British Airways, Air France-KLM, Lufthansa all lose as markets turn sour. Aer Lingus cuts back
British Airways (-5.6%), Air France-KLM (-5.2%) and Lufthansa (-2.2%) all headed downwards as Europe's stock exchanges had a sour start to the week. Air Berlin (-5.5%), which last week announced a stock dilution was also a heavy loser, as was Aer Lingus (-4.7% - see below).
Most European bourses were down around 2-3% and if the airline sector's performance on Monday is any indication, airline shares could be in for a battering, if negative market sentiment persists more than a couple of days.
The falls were accompanied by a drop in oil prices (as the US dollar rose), but this did not compensate for the general malaise.

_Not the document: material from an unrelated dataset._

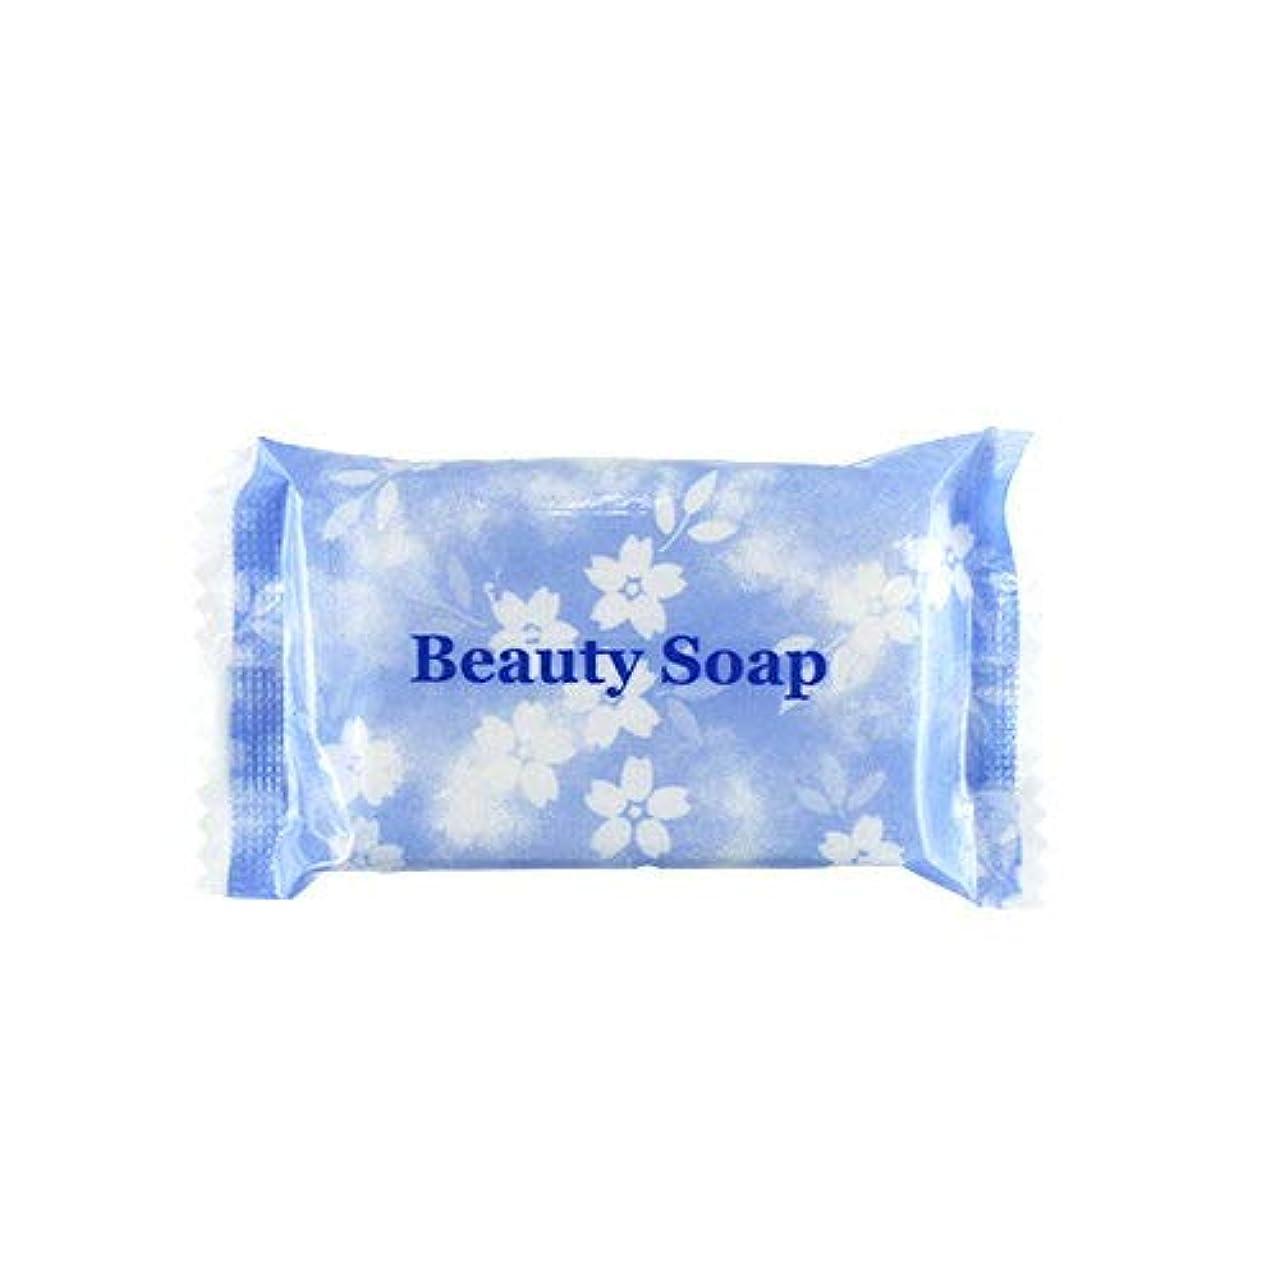 タヒチネスト寮業務用 クロバーコーポレーション ビューティーソープ(Beauty Soap) 15g×40個セット | ホテルアメニティ 個包装

Oil industry indications are that a USD70 minimum benchmark is considered necessary to encourage higher levels of production - even though stocks are already high.
For daily updates on American aviation stock prices and a complete wrap of the day's breaking news, sign up now for a complimentary subscription to America Airline Daily.
Europe selected airlines daily share price movements (% change): 15-Jun-09
Aer Lingus cutbacks signal another round of change - but Gatwick to expand
The Irish flag carrier announced on Friday that it was to reduce long-haul capacity by 25% in the winter season, as well as cutting back on short haul, reducing its Dublin based fleet from 24 to 22 aircraft and making further staff adjustments, including unpaid leave for flight crew.
The low key announcement, from one of the industry's least media friendly airlines, appears to constitute a new overhaul of the airline, as, according to the statement, "We are looking at the whole operation of Aer Lingus and we are starting off with the winter schedule."
The decision comes as "yields have been declining in exceptionally poor market conditions,". In 1Q2009, Aer Lingus' yields on long-haul routes fell by 19%.
Reducing services, while clearly necessary to stem losses, will do little to garner popular support for the airline, as services to Shannon do much to support the tourist trade. Reducing US links will be unpopular, regardless of the economic justification.
And Ireland's largest union, the Services, Industrial, Professional and Technical Union (SIPTU), described the US route cutbacks as "madness" and Ryanair was also quick to comment, with media spokesman Stephen McNamara noting that "Ryanair regrets the cut backs at Aer Lingus as they represent a step backwards not forwards. Today's announcement highlights the mistake the board and the government made when they rejected Ryanair's January offer which promised to double the Aer Lingus fleet to over 60 aircraft, thereby creating 1,000 new jobs."
The Irish economy is leaking badly and Aer Lingus' announcement earlier last week that it was to expand its new Gatwick operation will not go down well at home. Gatwick was launched as the carrier's first international base outside Ireland in Apr-2009. Six new destinations, Bucharest, Eindhoven, Tenerife, Lanzarote, Warsaw and Vilnius will be added to the current schedule for the winter season, while Nice is being dropped.